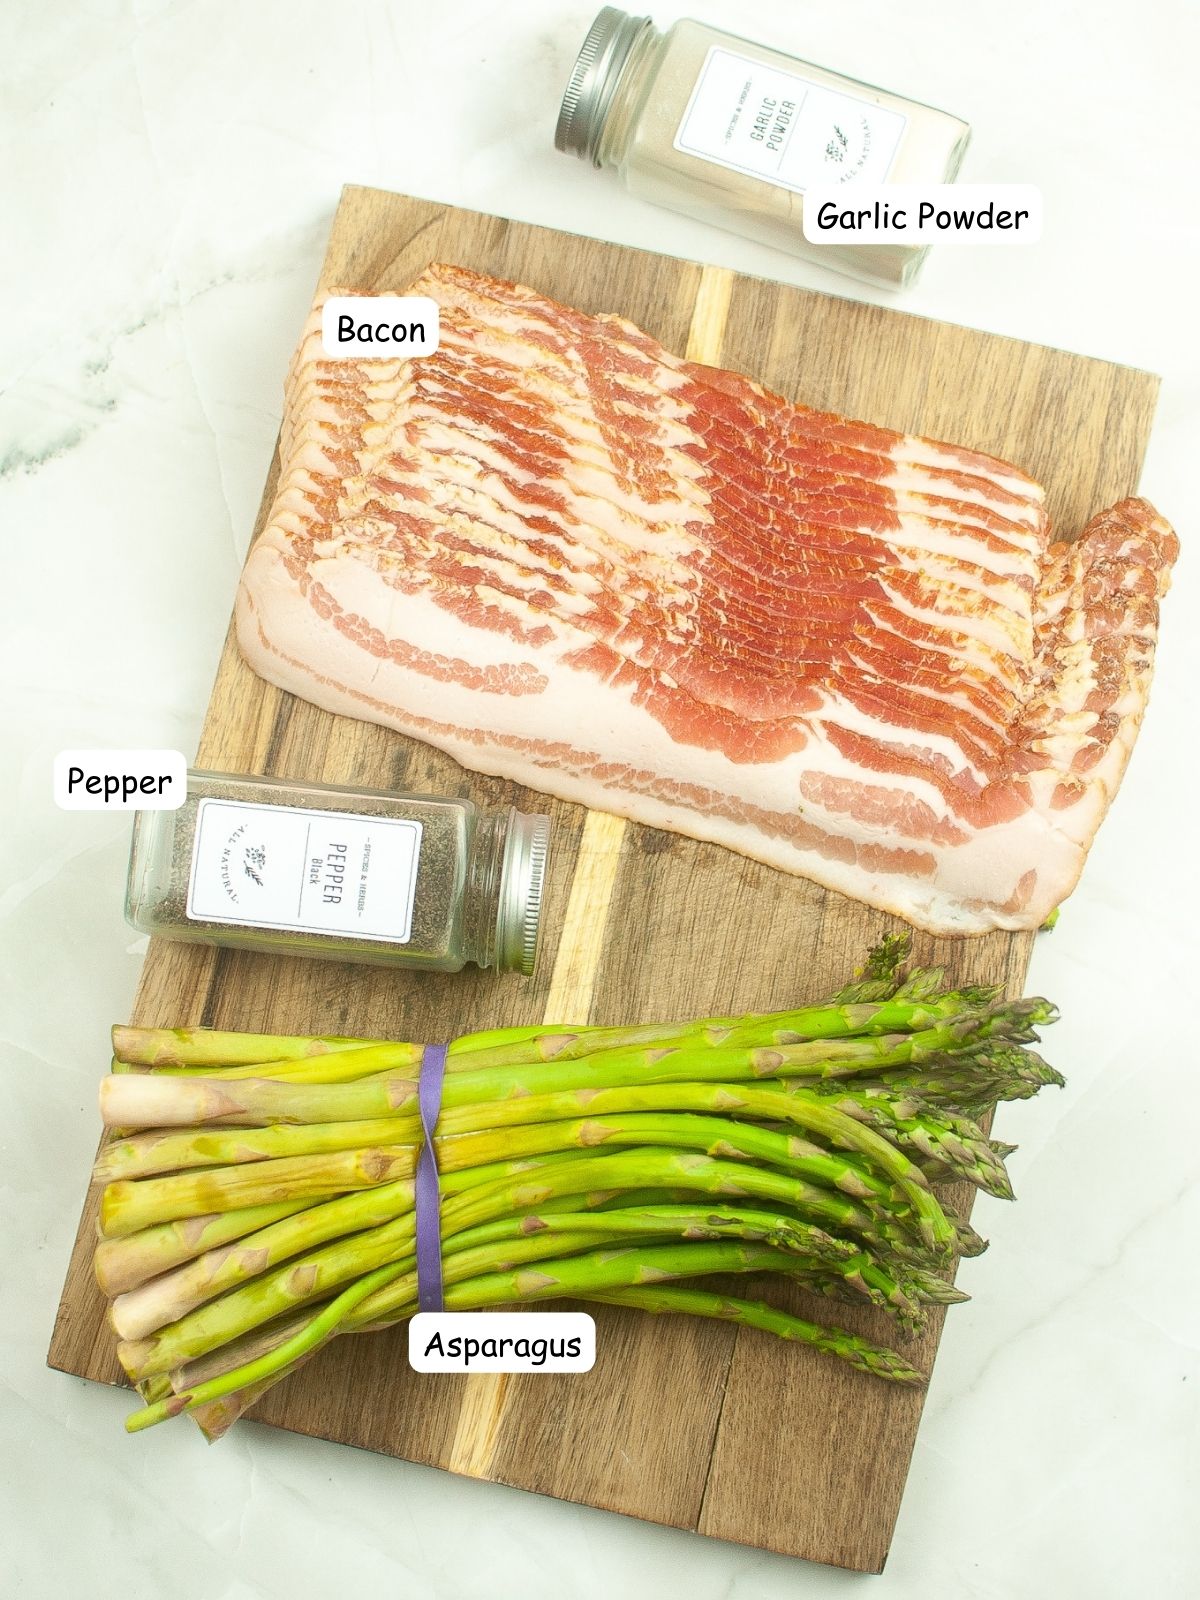 bacon, asparagus, pepper, garlic powder on cutting board.
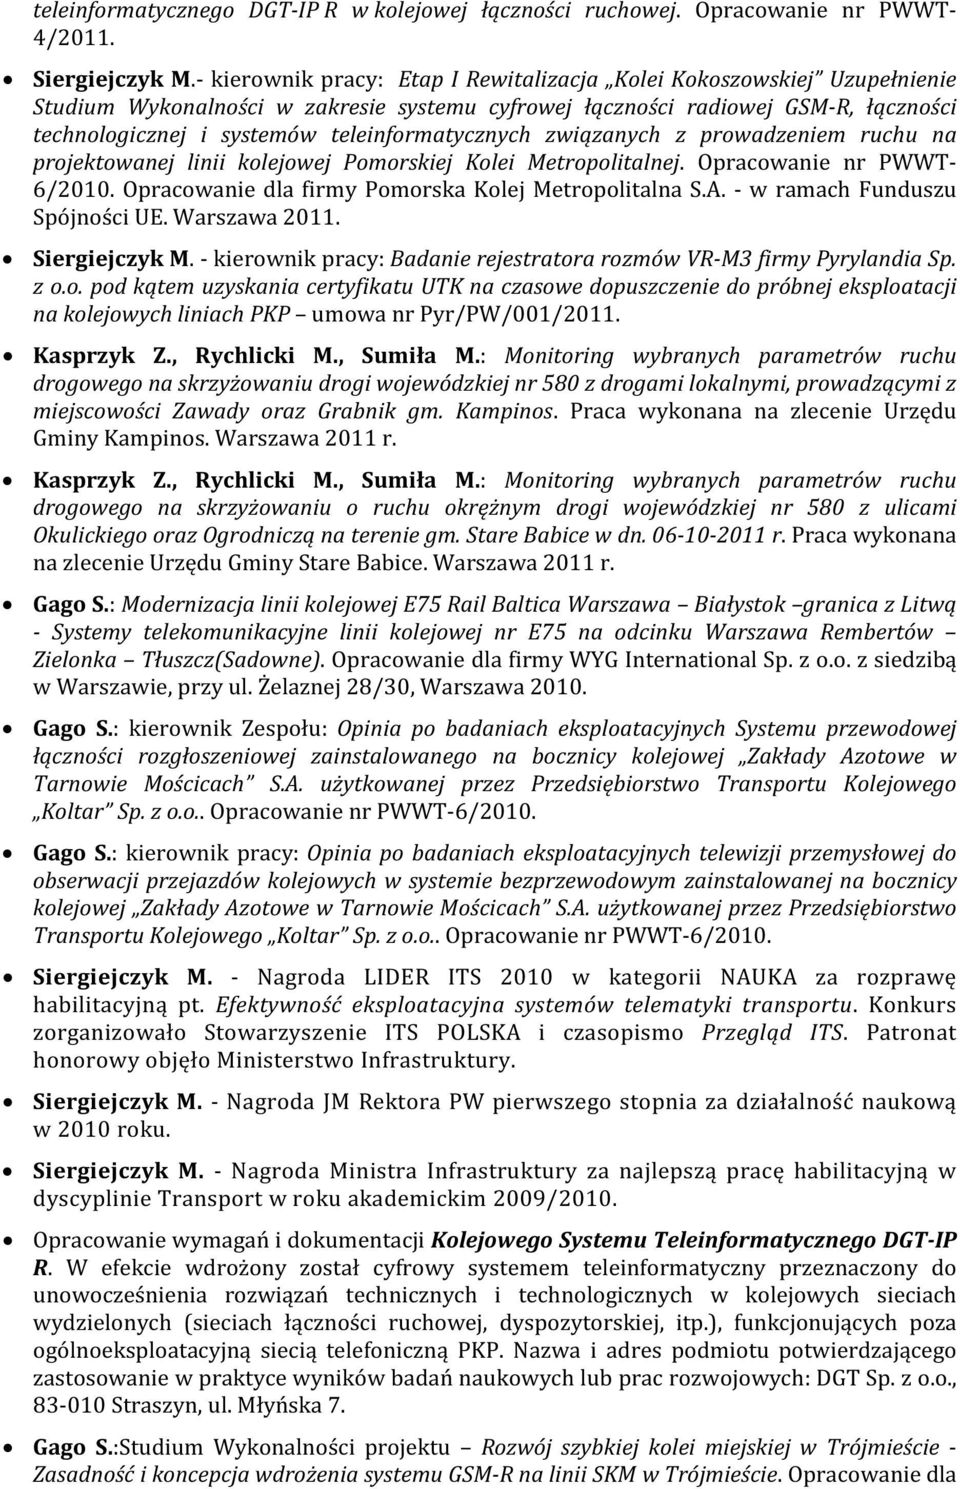 teleinformatycznych związanych z prowadzeniem ruchu na projektowanej linii kolejowej Pomorskiej Kolei Metropolitalnej. Opracowanie nr PWWT- 6/2010.
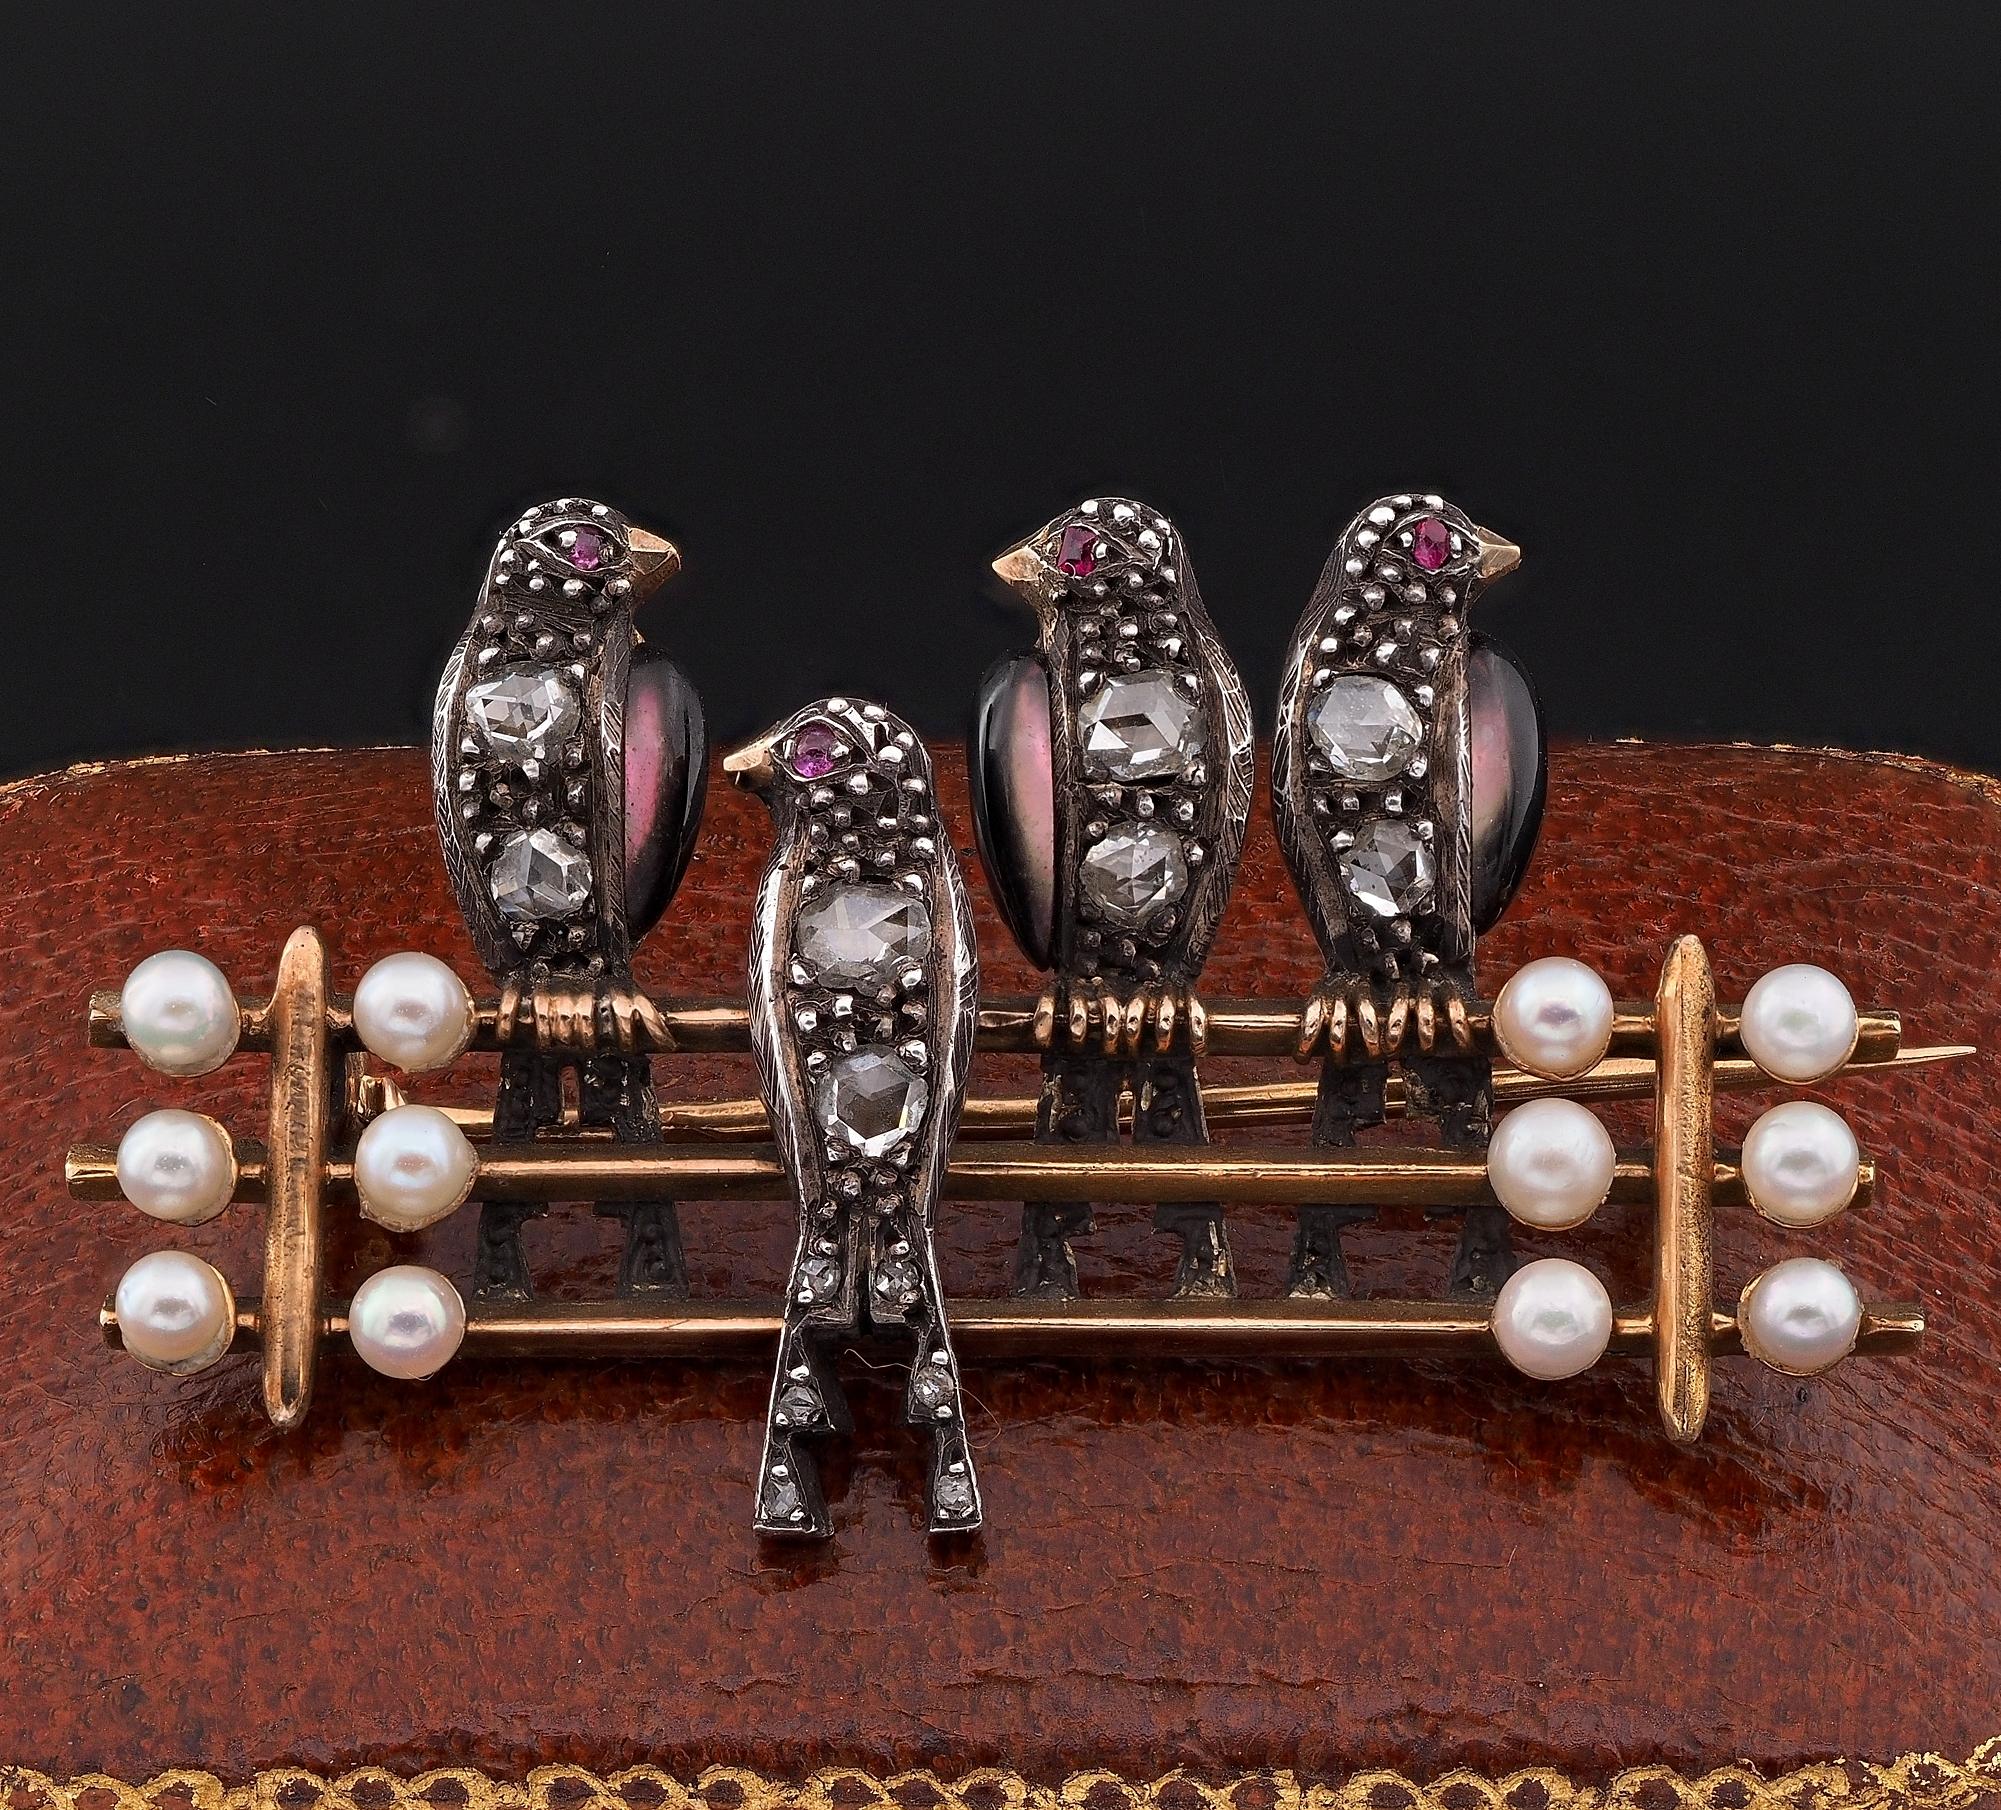 Kostbare Vergangenheit Neuheit
Süße Brosche aus der georgianischen Periode, mit französischen Punzen 1796 ca - handgefertigt aus massivem 18 KT Gold und Silberteilen
Vier Schwalben, die auf Schienen liegen, wunderschön mit natürlichen Perlen an den
• • • •
* [Goal of the exercise]: Reproduce the whole of the data, word for word, and omit its pictures.

* [Reply]:
 bacon, asparagus, pepper, garlic powder on cutting board.
 teleinformatycznych związanych z prowadzeniem ruchu na projektowanej linii kolejowej Pomorskiej Kolei Metropolitalnej. Opracowanie nr PWWT- 6/2010.
 Kostbare Vergangenheit Neuheit
Süße Brosche aus der georgianischen Periode, mit französischen Punzen 1796 ca - handgefertigt aus massivem 18 KT Gold und Silberteilen
Vier Schwalben, die auf Schienen liegen, wunderschön mit natürlichen Perlen an den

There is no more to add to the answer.